Amazingly enough the other end of the line is giving me fits as the bolt is seemingly rusted on there tight..Ive tried spraying it daily now with PB Blaster and it still won't budge. aarrrggg!!! I am ready to try swaping out the O-ring from the leaking side but I don't think that is gonna seal it up, I suspect crack or hole in the line.. (BTW will anti seize help me to unbolt it again if I do attempt this and it fails?) Alternatively I am ready to just cut the line off and pray I can get the bolt off with a socket without breaking the head off the bolt. So what would you do???

2hrs + Dremel cutting tool + Propane torch 3 heat cycles + 3 tools = FAIL

1. Add torque from heavy duty ratchet and neighbor to apply force with stabilization pressure on bolt via 2 extra hands = Success!!

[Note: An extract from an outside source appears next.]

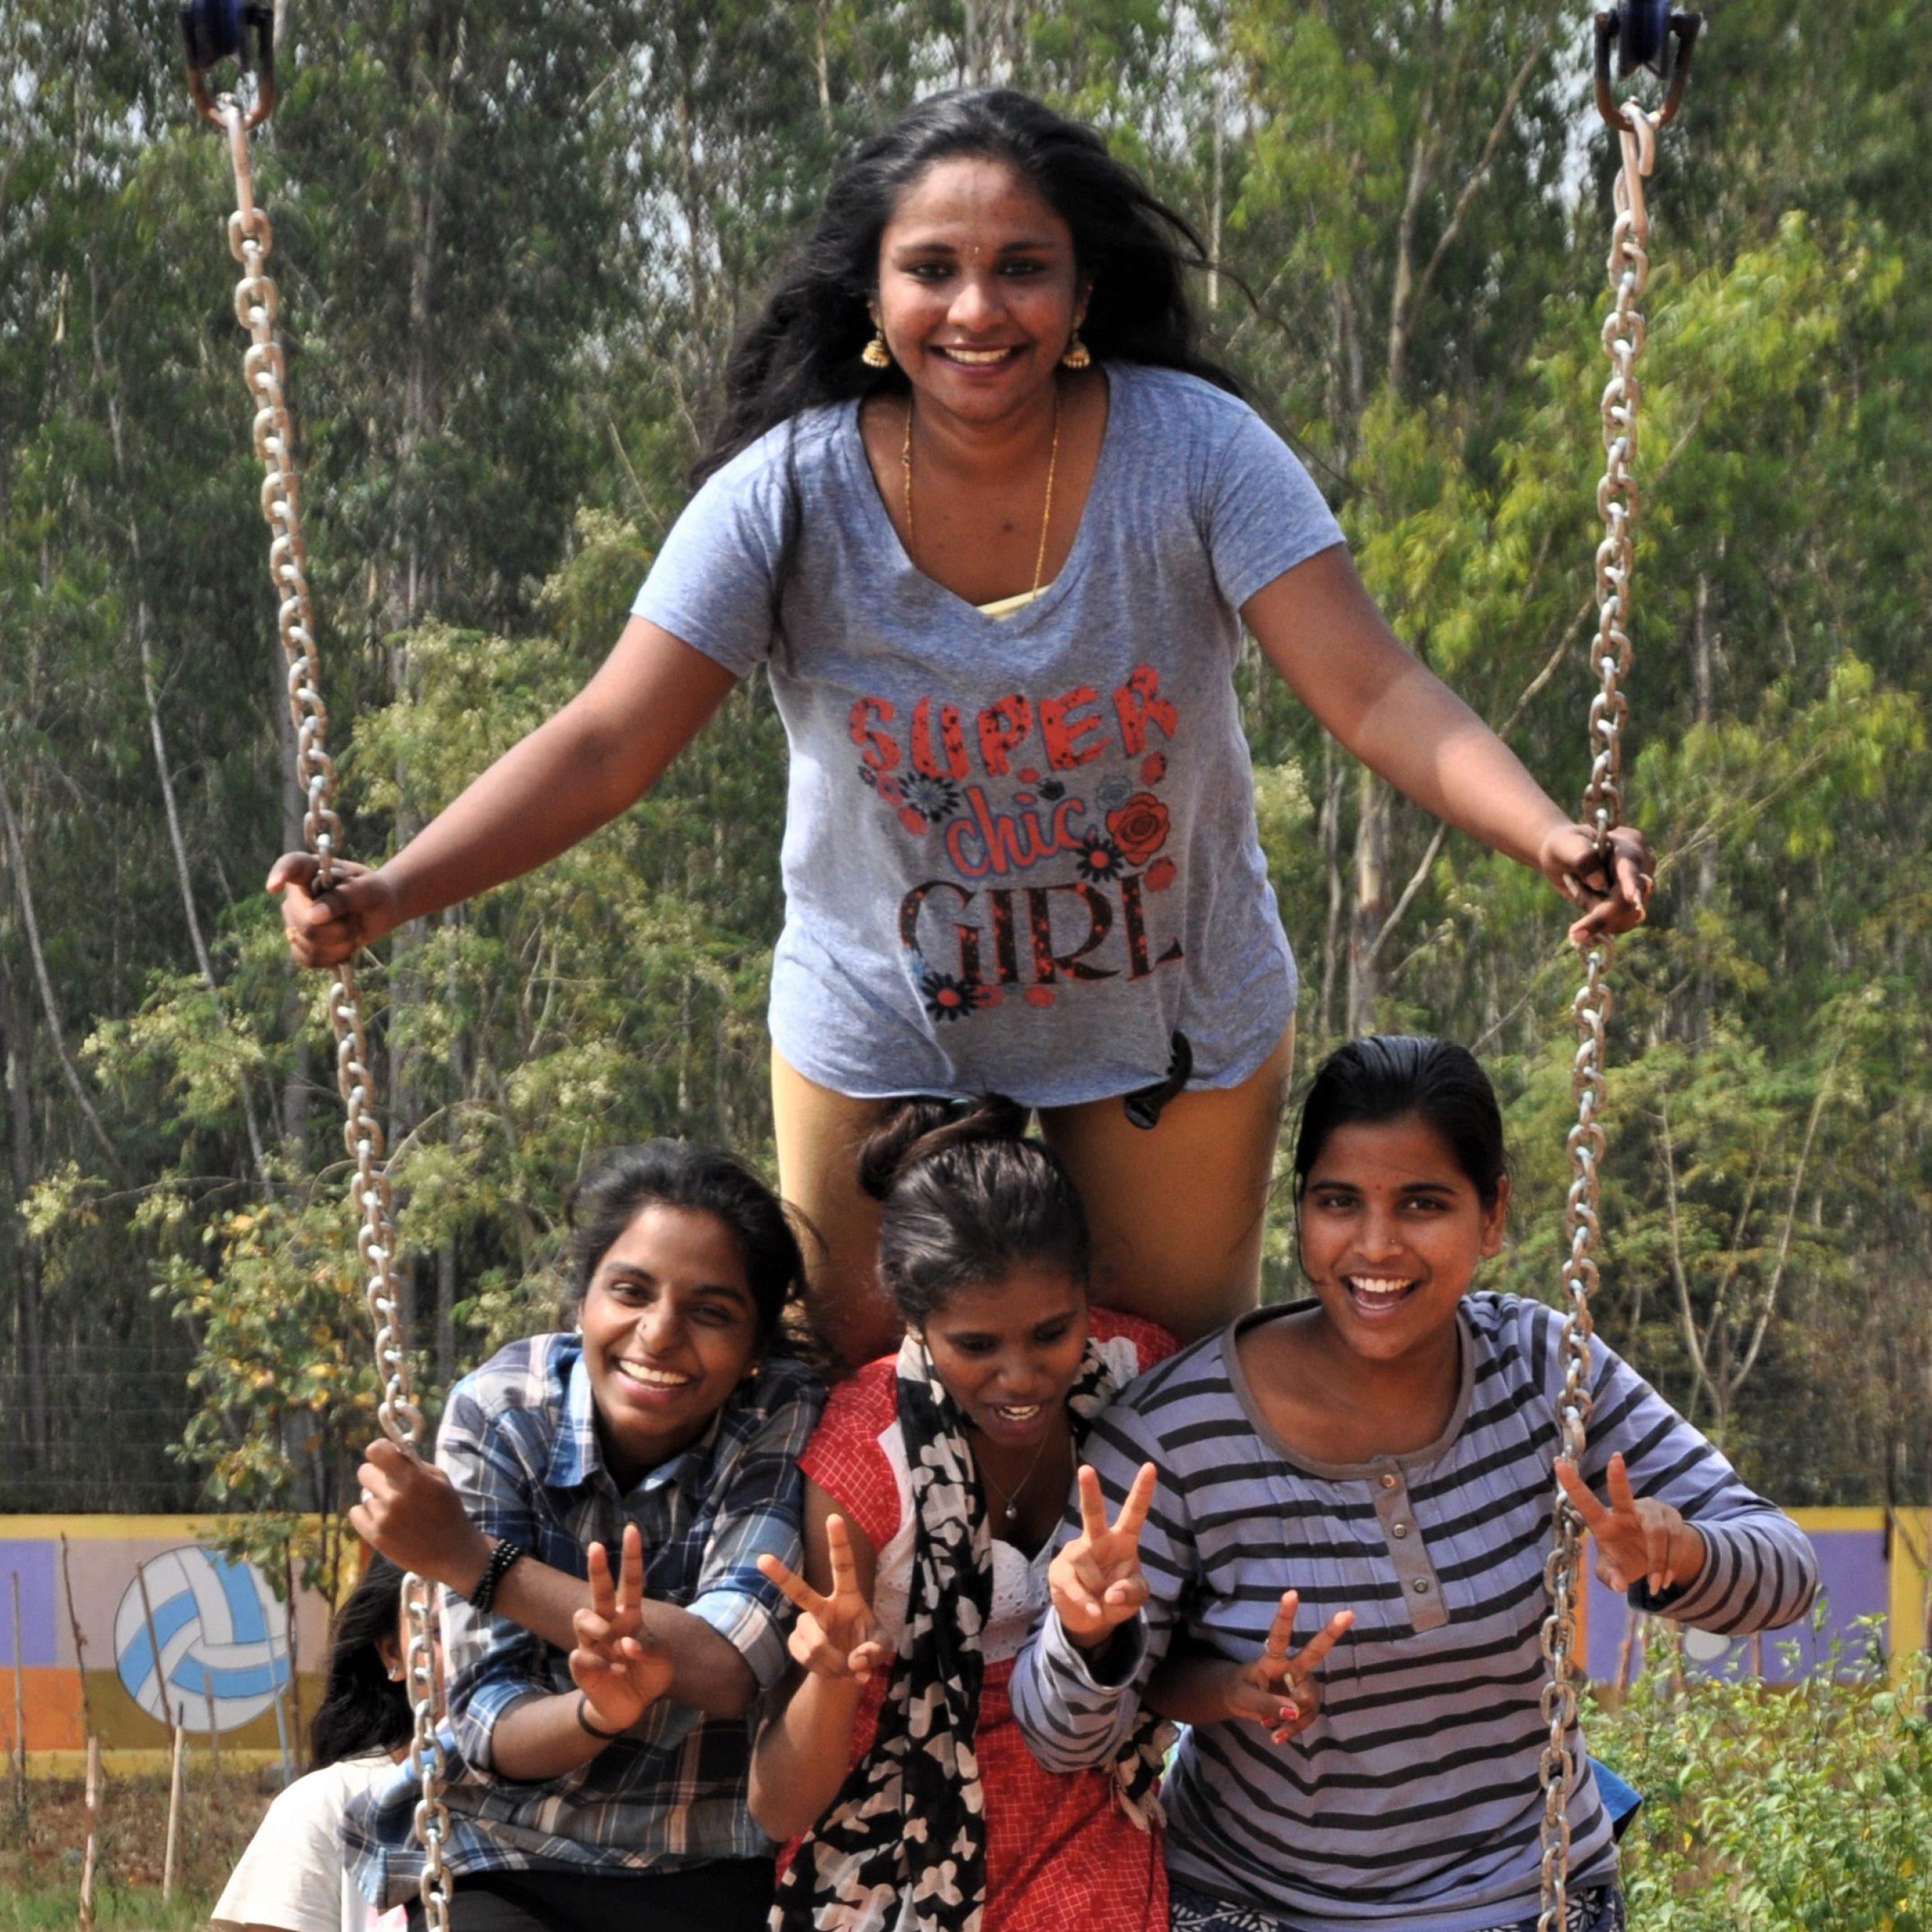 Girls on rope swing_01

Now contrary to earlier belief the line does wiggle in place with some finesse and there is no need to remove anything else to do the job. Mitsubishi reordered my new O-rings since they can't find the 1st set that was supposed to be there Tuesday. Hopefully this Friday we will be back on the road and leak free!
 
**************************************************************
Got the line back on after 7 hours under the car Sunday.. It was tough to get that last bolt back on and I had to lower the rack a bit and take out a bracket plus disconnect the outer tie rod. After all that I bent the rod about 1/4 inch and it lined up and went in straight. Anyway there are no leaks and I believe once I get all the air out it should quit making the whinning noise. I am still topping it up after every drive to work and it is better each time. Thanks for all your help!!